A helpful feature of ggplot is that you can name a graph and refer to it later. This can be helpful for keeping your plot code easy to read. Let’s start with the ribbon graph as a base and add more labelling:
b <- ggplot(data=compCO2,aes(x=Year, ymin=0, ymax=CO2, fill=Entity))+
geom_ribbon(alpha=0.5 )+
labs(x="Year", y="Carbon emissions (tons CO2)") +
theme_classic()
Next let’s add the label with the line and text:
b + annotate("segment", # line label
x=1991, # start x coordinate
y=2450000000, # start y coordinate
xend=1991, # end x coordinate
yend=2600000000) + # end y coordinate
annotate("text", # add text label
x=1991, # center of label x coordinate
y= 2700000000, # center of label y coordinate
label="end of USSR") # label to add
There are too many different types of plots in ggplot to review everything in this tutorial. Once you are used to the format of arguments of ggplot, you can explore the many other types of geometries and features.

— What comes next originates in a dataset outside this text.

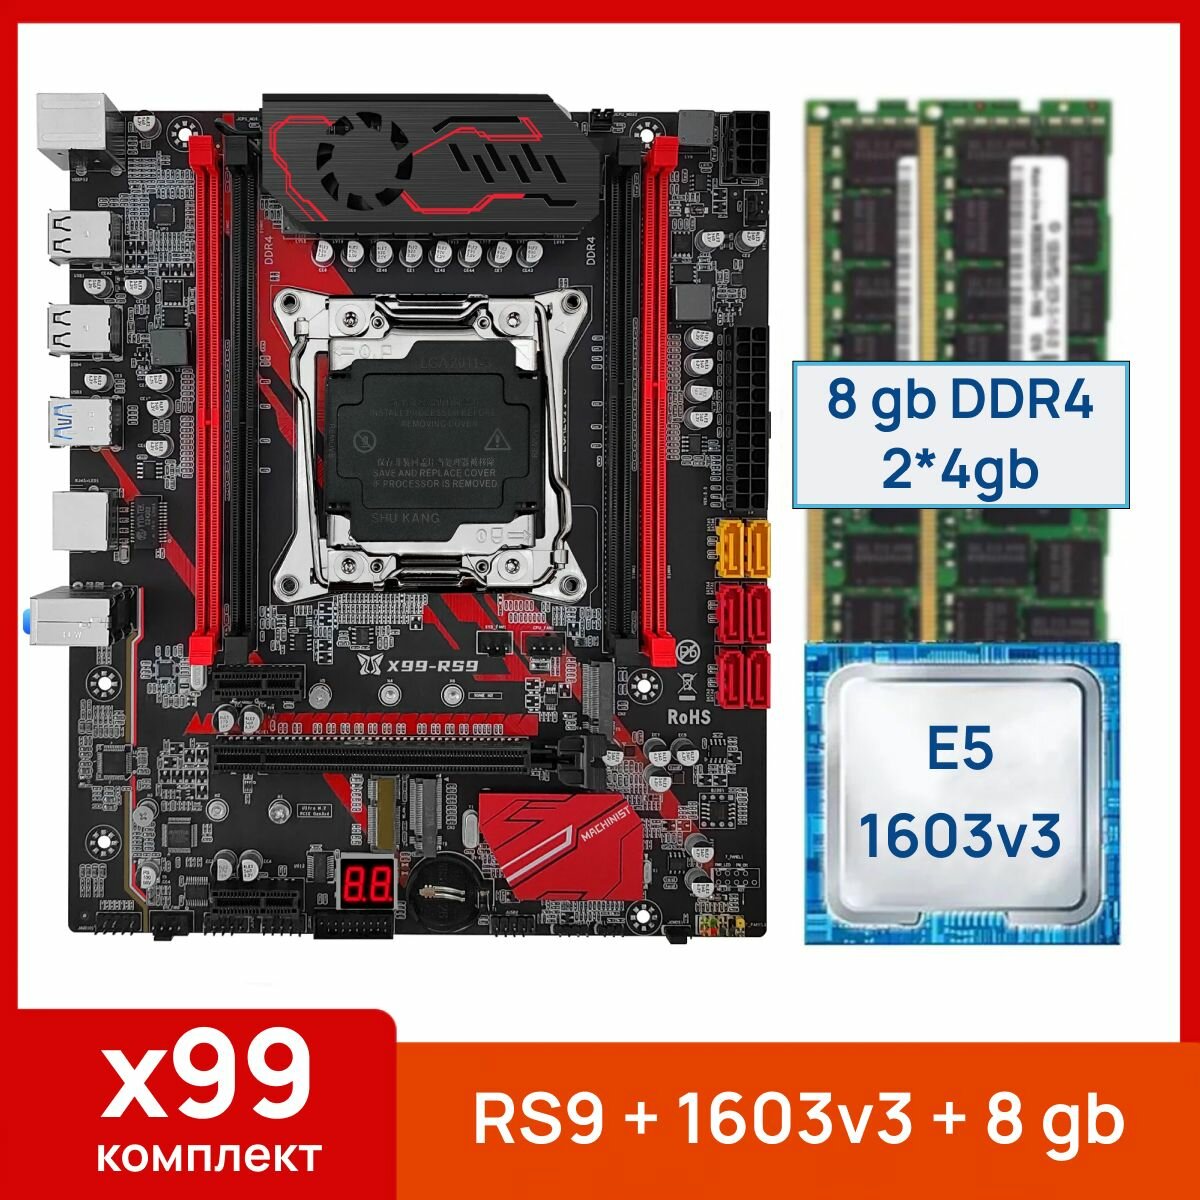 Комплект: Juxieshi/Machinist X99 RS9 + Xeon E5 1603v3 + 8 gb(2x4gb) DDR4 ecc reg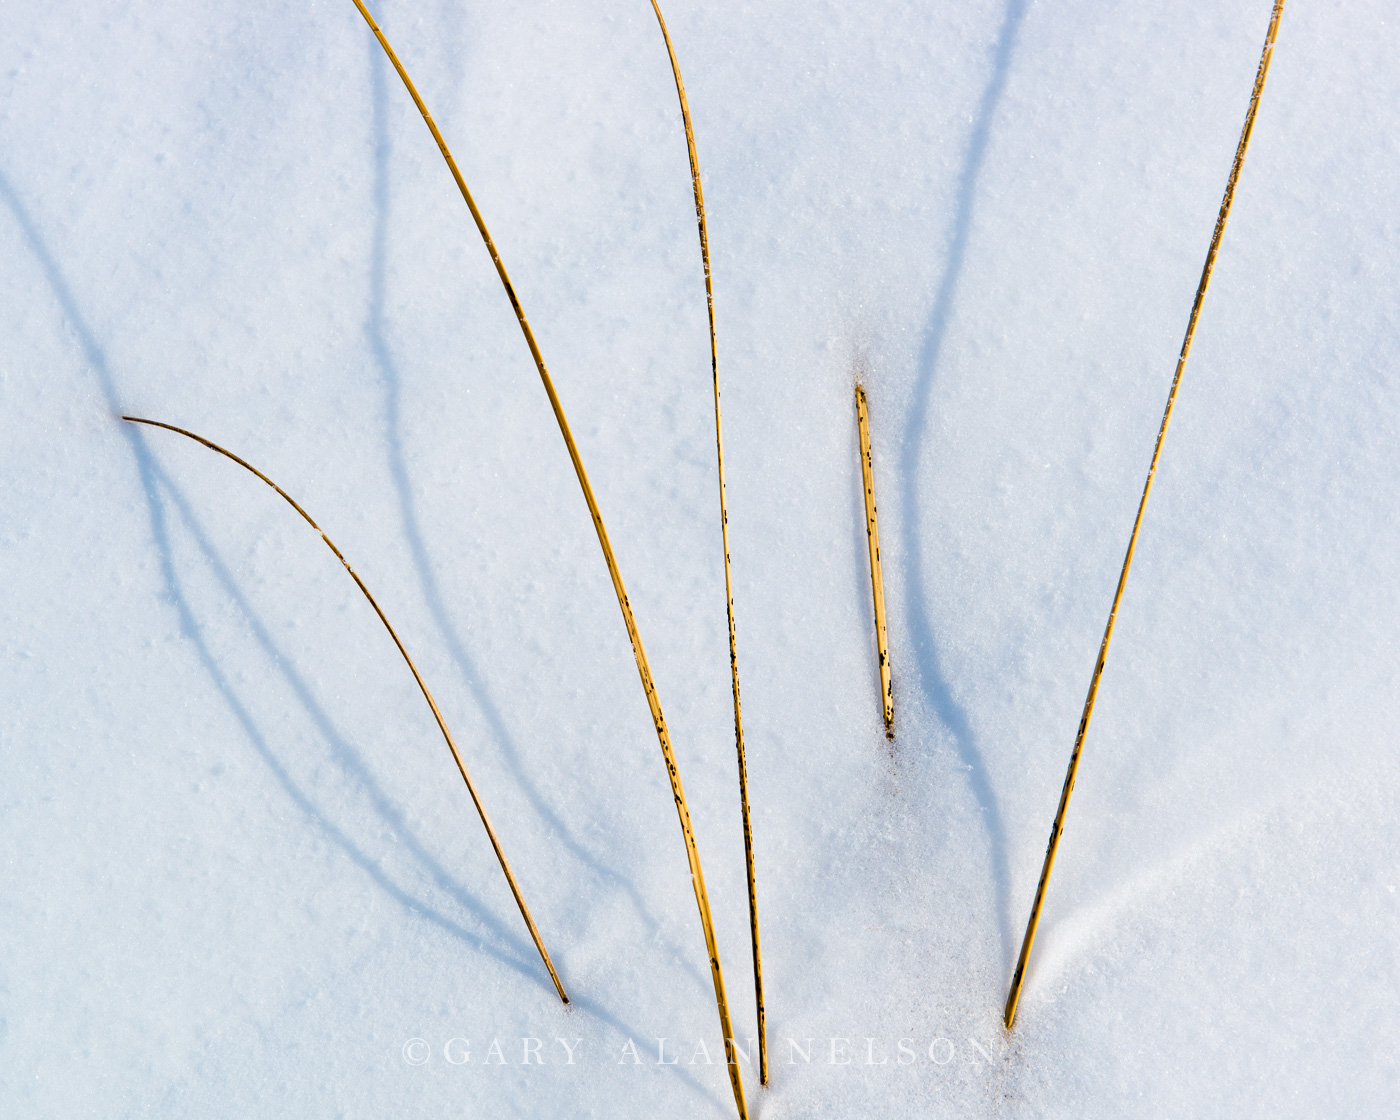 Hoar frost covered grasses, the Plover Prairie, Nature Conservancy, Minnesota

A final note about ggplot is that there are philosophies about data visualization and data organization that impact your plotting capabilities. ggplot does not allow for multiple y axes and data is best formatted in long form where all x and y observations in one column and a third column that gives a label for different groups if additional encoding is to be used.
4.7 Conclusions
You can see from the tutorial that visualization can be a key part of communicating climate change. The visualizations in the tutorial highlight the non-linear increase in CO2 emissions since the mid 20th century. Emissions have started to decline in recent years in some countries, but overall emission levels remain high and vary by country. You can see how your visualizations present different stories about emissions data. Ribbon and line plots show trends of increasing and decreasing emissions over time for different countries. An area plot shows cumulative emissions with countries contributing different proportions over time. A violin plot helps compare the spread of emission levels between different countries. The reduction in emissions is the main focus of international policy and global reductions in emissions is the goal of many agreements. Visualizations of emissions over time help chart out the magnitude and trends of continued contributions to anthropogenic climate change that will be seen in future global temperatures.
4.8 Citations
Mann, Michael E., Raymond S. Bradley, and Malcolm K. Hughes. “Northern hemisphere temperatures during the past millennium: Inferences, uncertainties, and limitations.” Geophysical research letters 26.6 (1999): 759-762.
Data from Global Carbon Budget - Global Carbon Project (2021) Via Our World in Data. Novemeber 2021.